Data section Start Marker

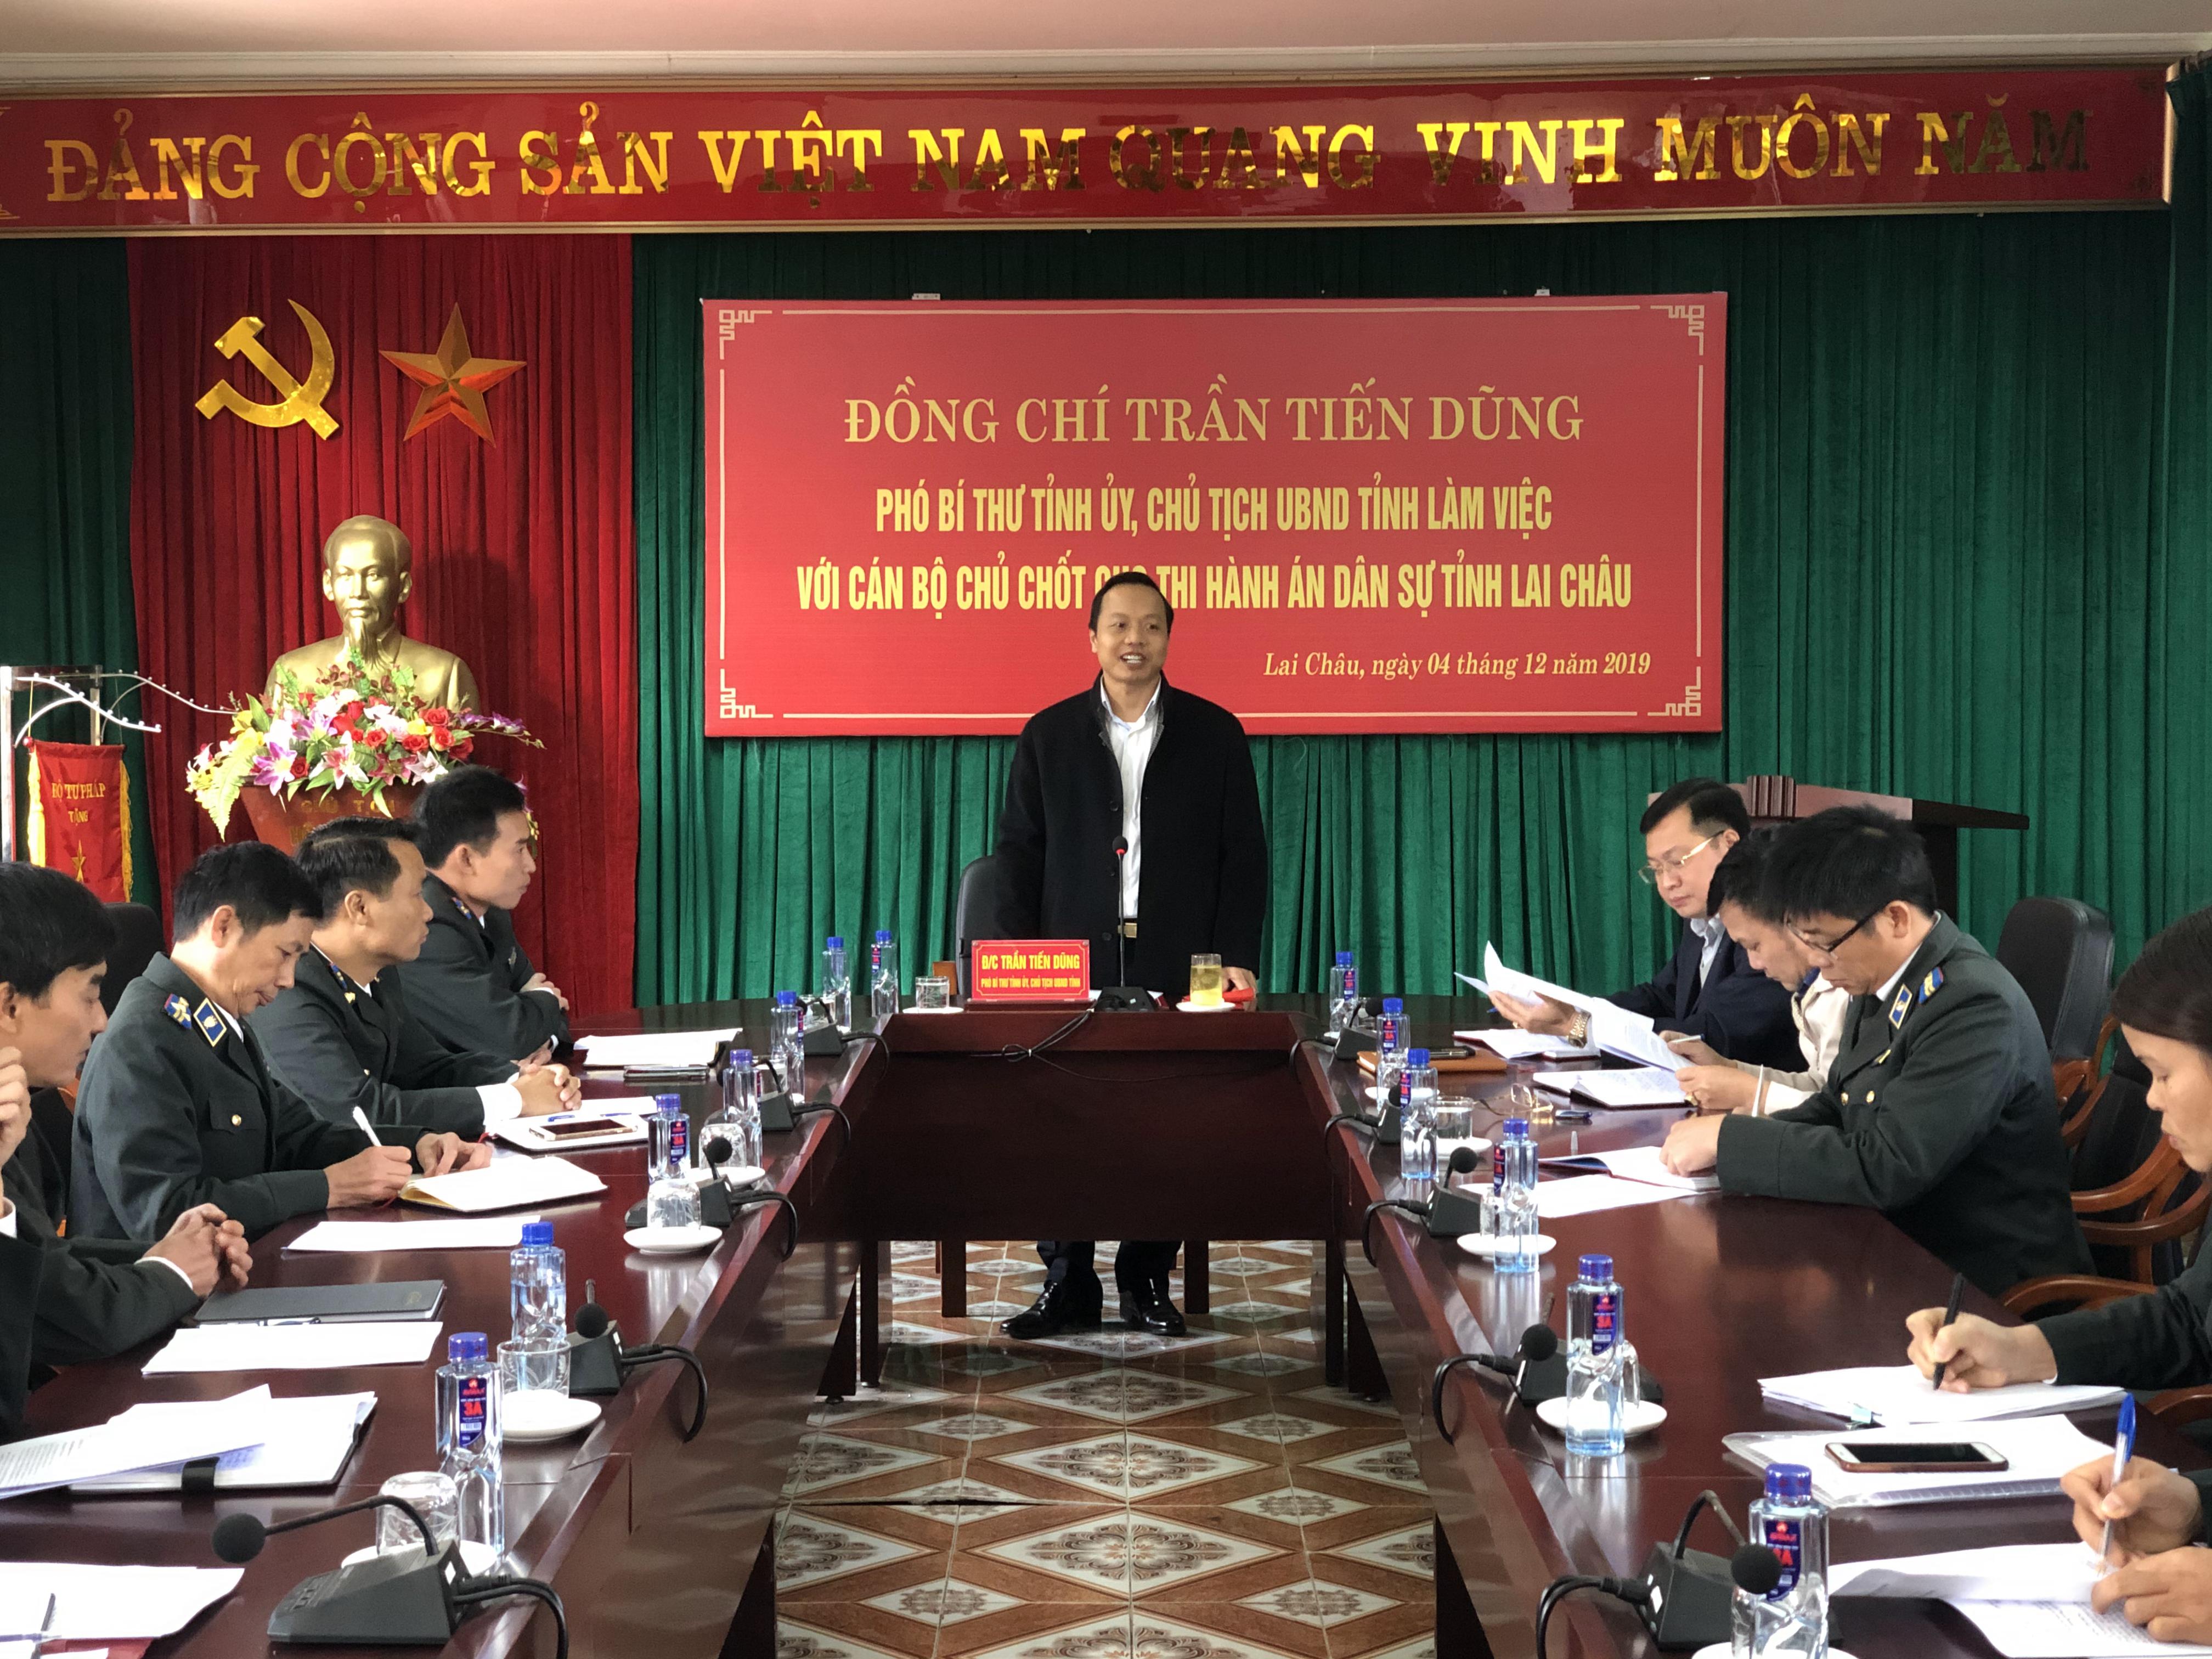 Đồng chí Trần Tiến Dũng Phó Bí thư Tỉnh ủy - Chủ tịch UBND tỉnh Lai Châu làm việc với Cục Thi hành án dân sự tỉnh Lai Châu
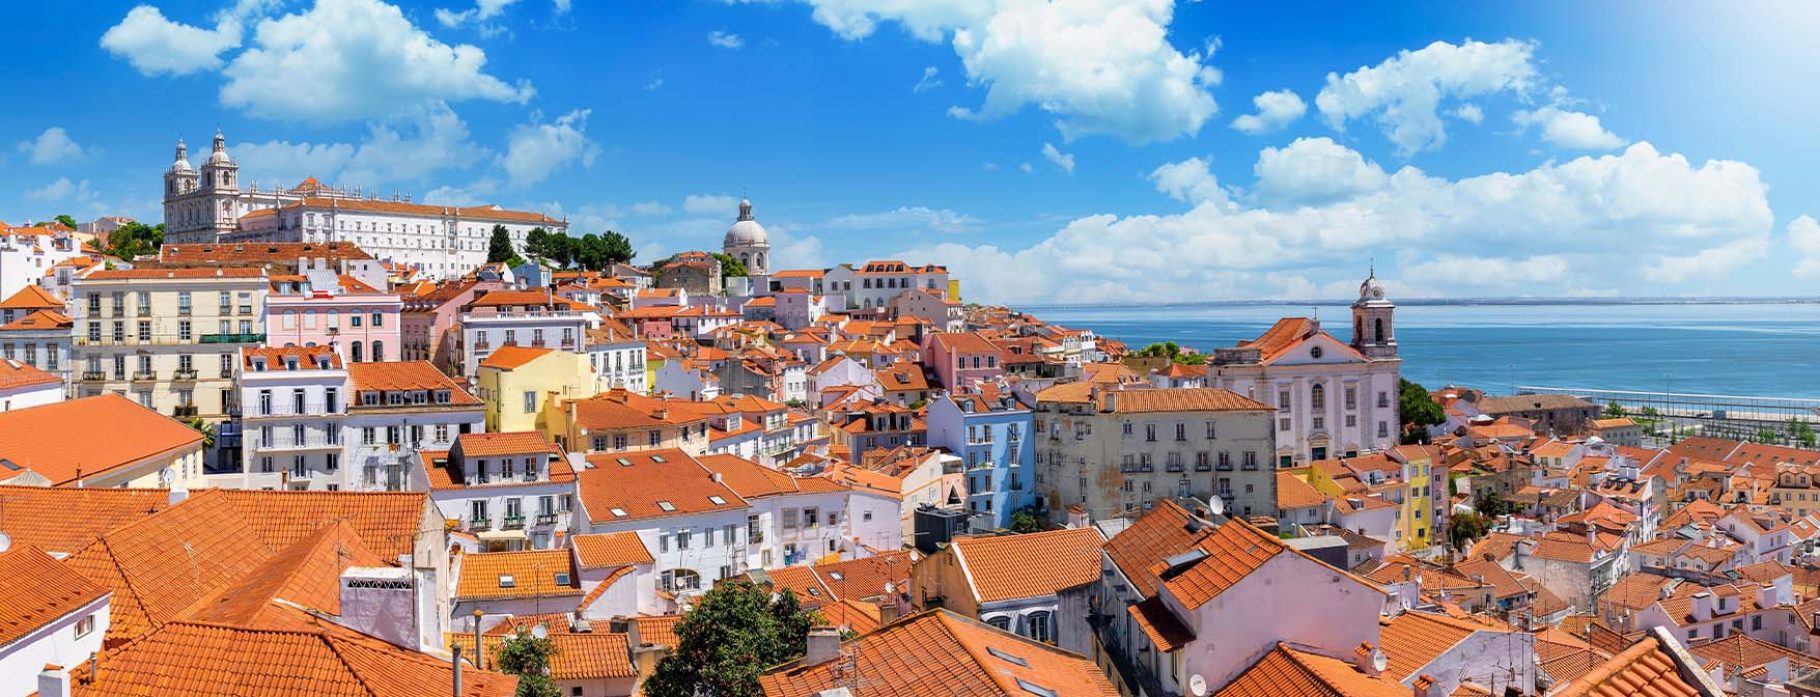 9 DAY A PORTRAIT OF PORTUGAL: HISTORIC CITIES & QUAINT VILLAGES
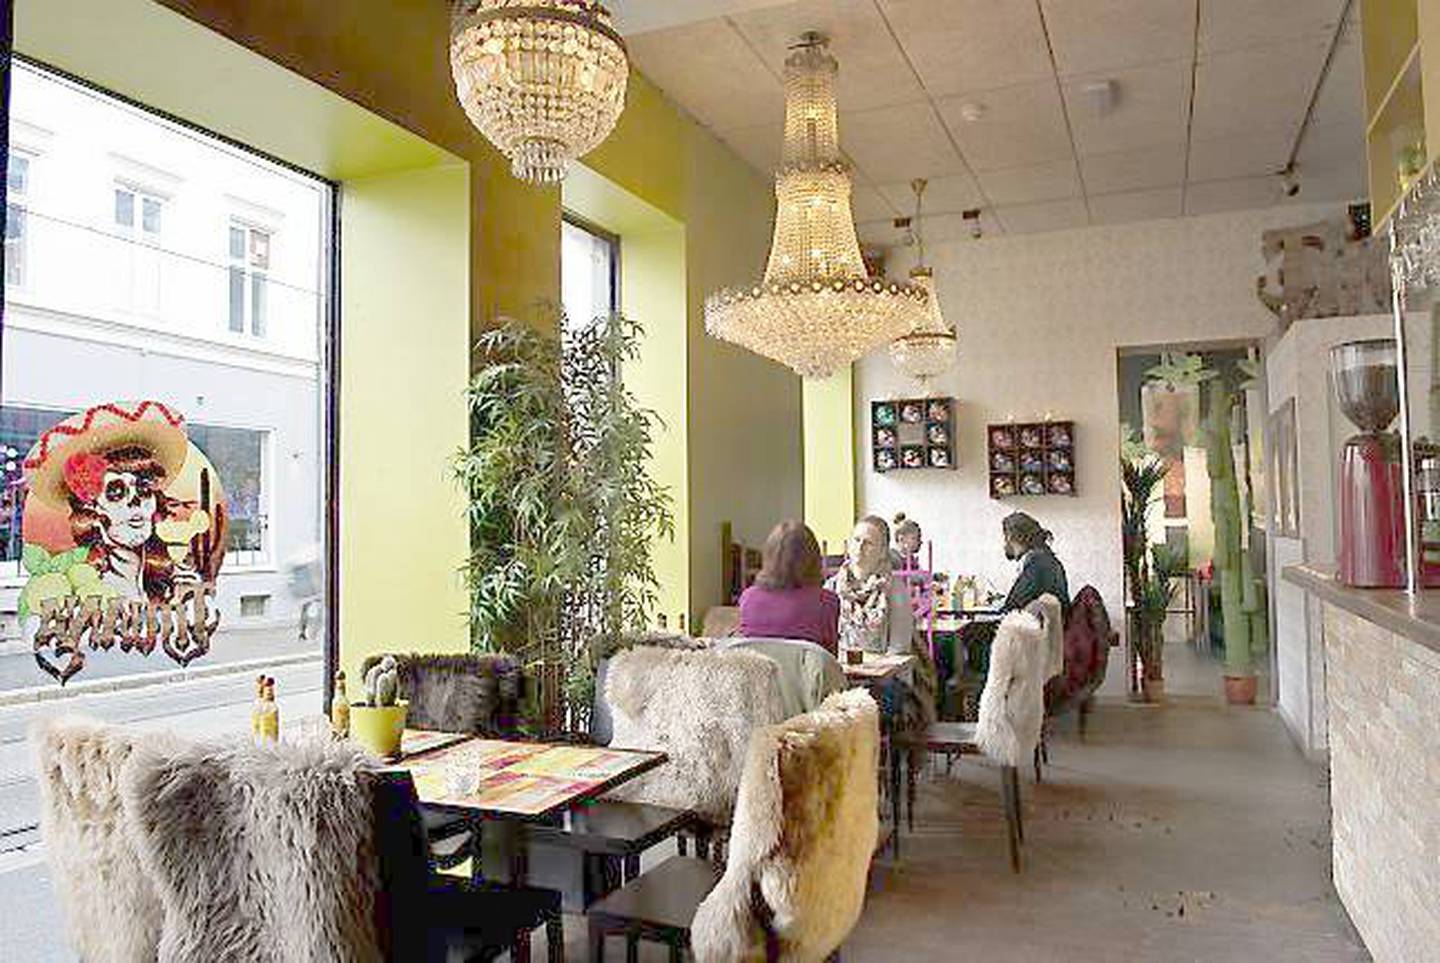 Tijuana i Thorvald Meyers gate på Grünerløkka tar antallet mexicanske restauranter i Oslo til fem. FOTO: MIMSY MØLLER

Data section End Marker

> [Goal of the exercise]: Retype the material above exactly, images excluded.

> [Solved problem]:
 Đồng chí Trần Tiến Dũng Phó Bí thư Tỉnh ủy - Chủ tịch UBND tỉnh Lai Châu làm việc với Cục Thi hành án dân sự tỉnh Lai Châu
 9 DAY A PORTRAIT OF PORTUGAL: HISTORIC CITIES & QUAINT VILLAGES
 Tijuana i Thorvald Meyers gate på Grünerløkka tar antallet mexicanske restauranter i Oslo til fem. FOTO: MIMSY MØLLER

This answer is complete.